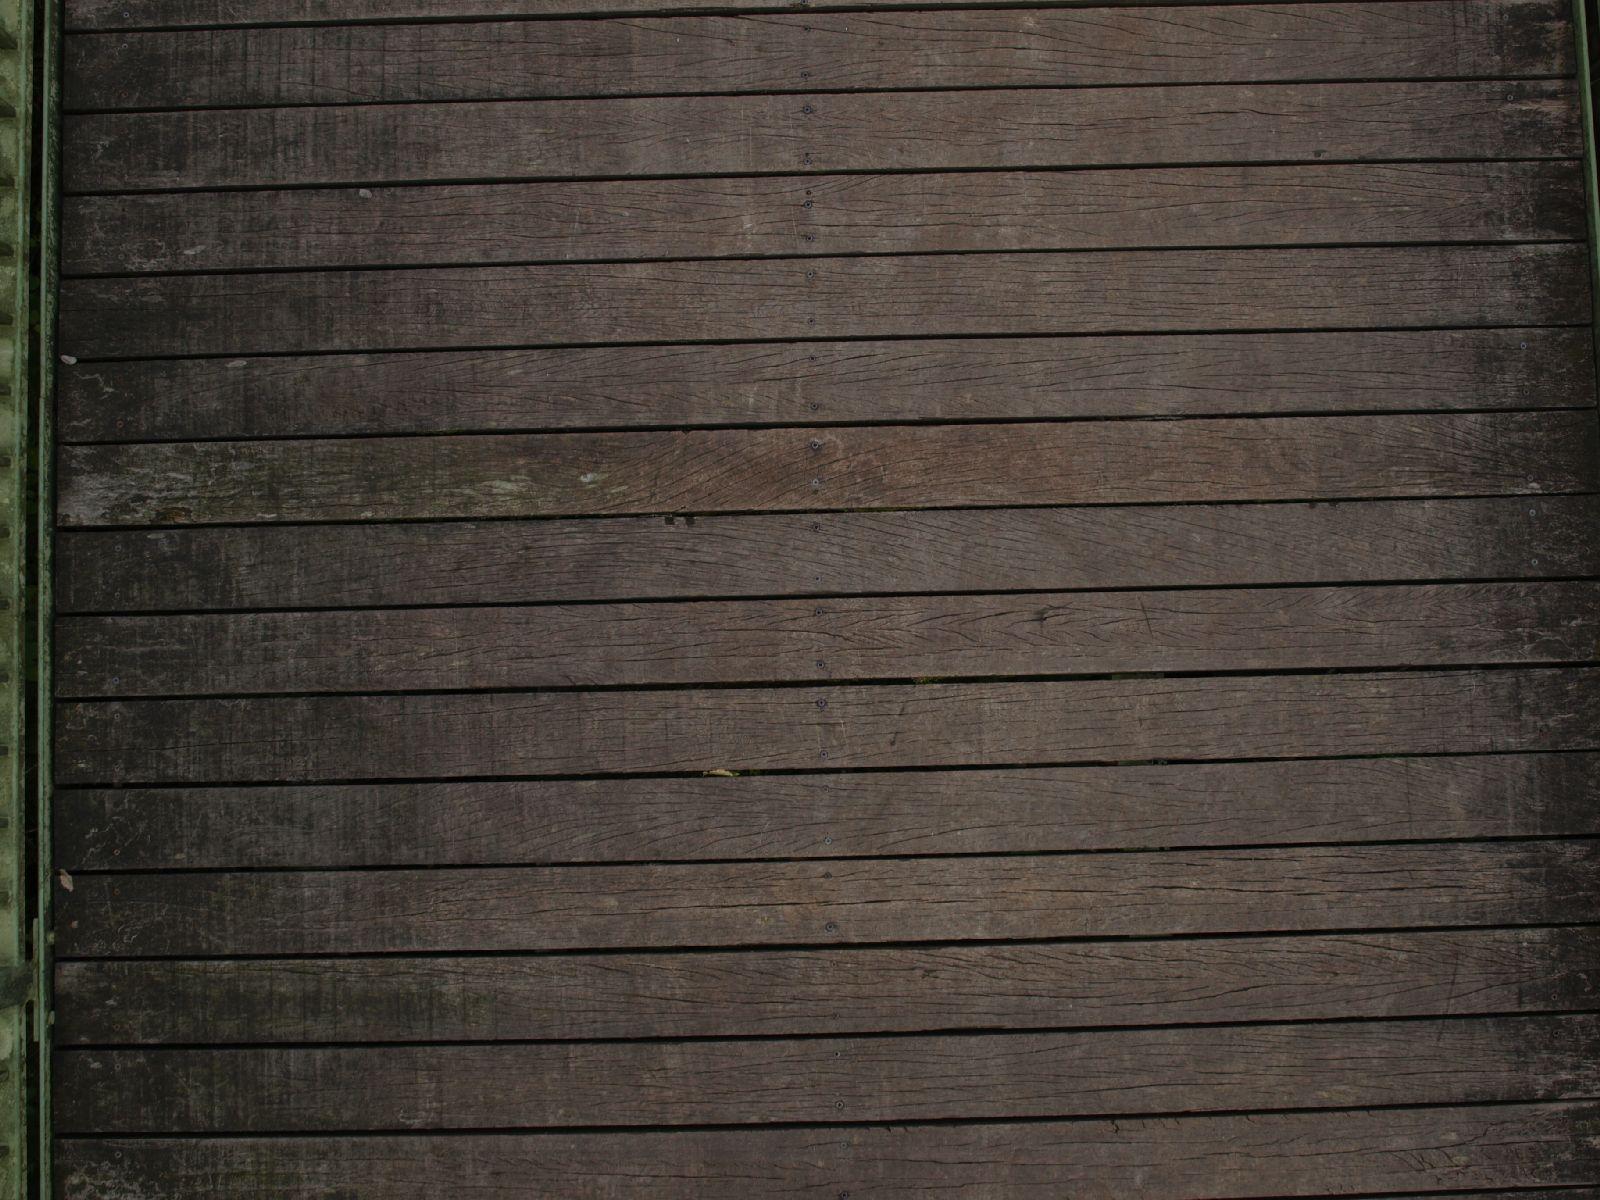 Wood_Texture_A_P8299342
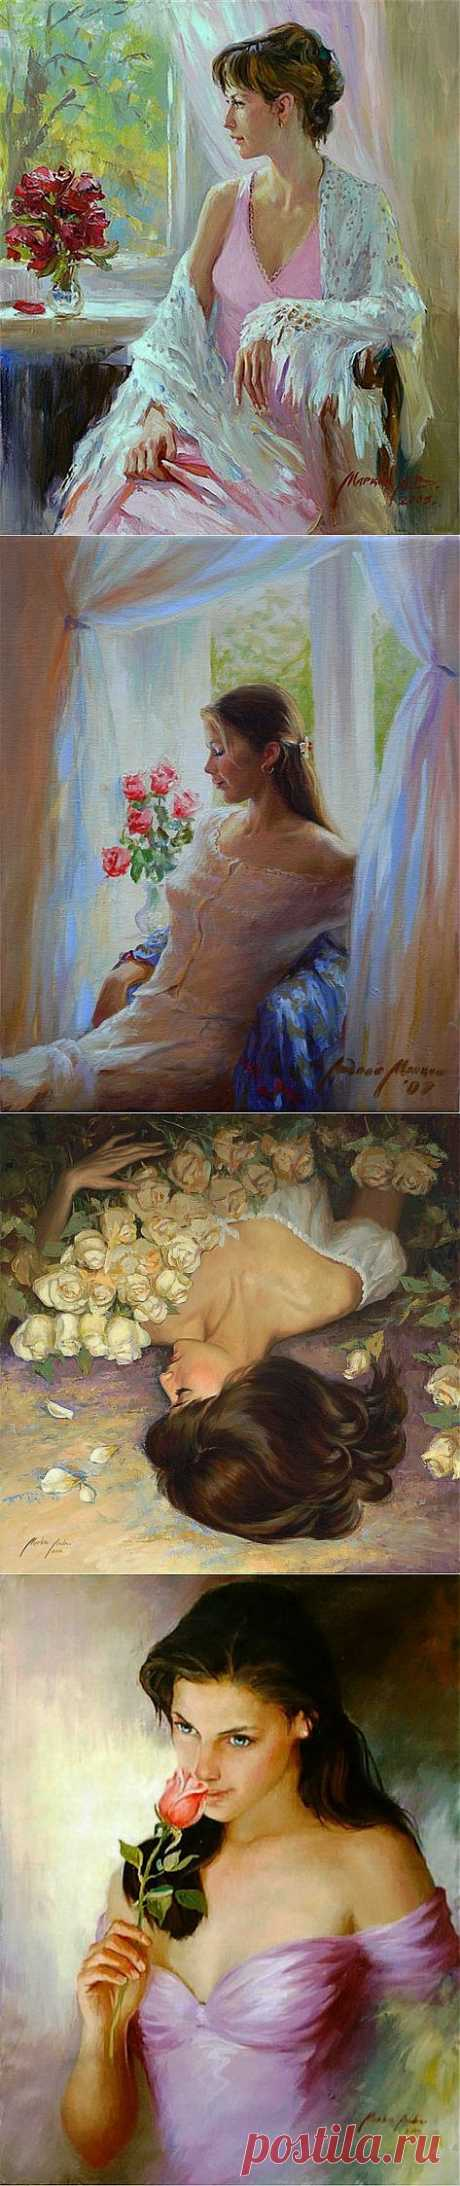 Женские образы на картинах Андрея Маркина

--

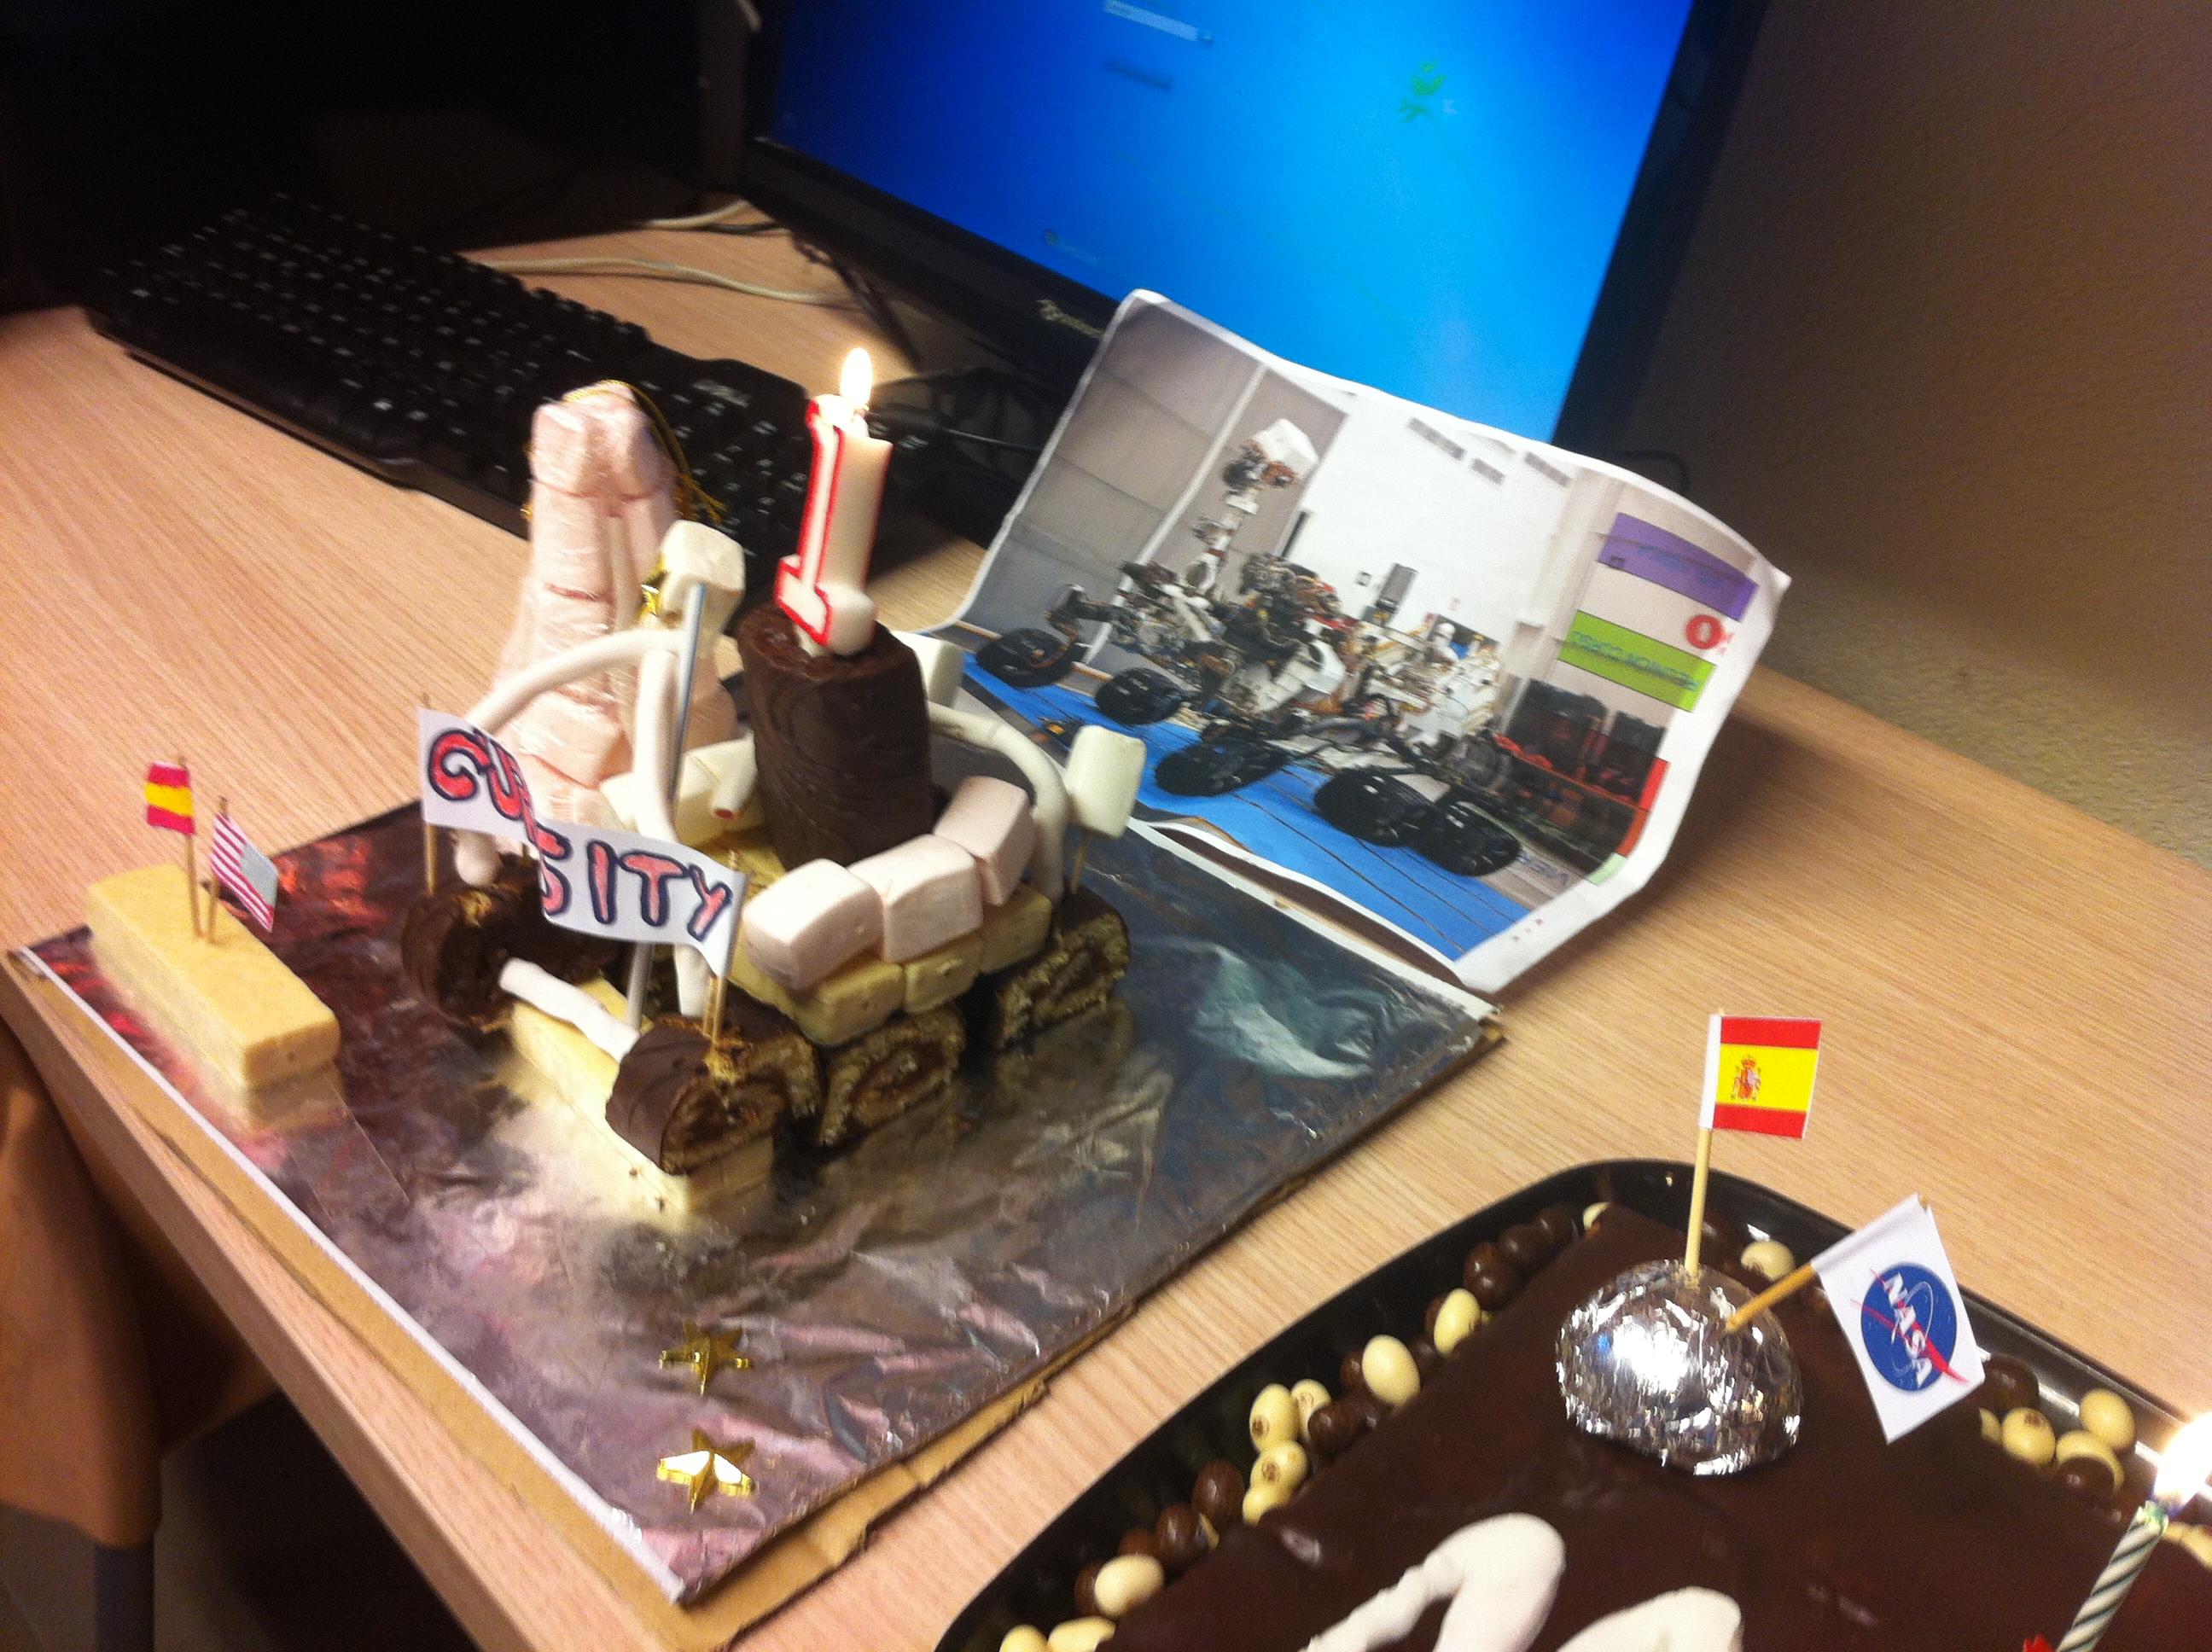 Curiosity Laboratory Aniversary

Task description: Because only one stretch of the records is wanted, please output the lines from the one holding "Wood_Texture_A_P8299342" through the one holding "Женские образы на картинах Андрея Маркина" exactly, both included, and leave every picture out.

The answer:
 Wood_Texture_A_P8299342
 Женские образы на картинах Андрея Маркина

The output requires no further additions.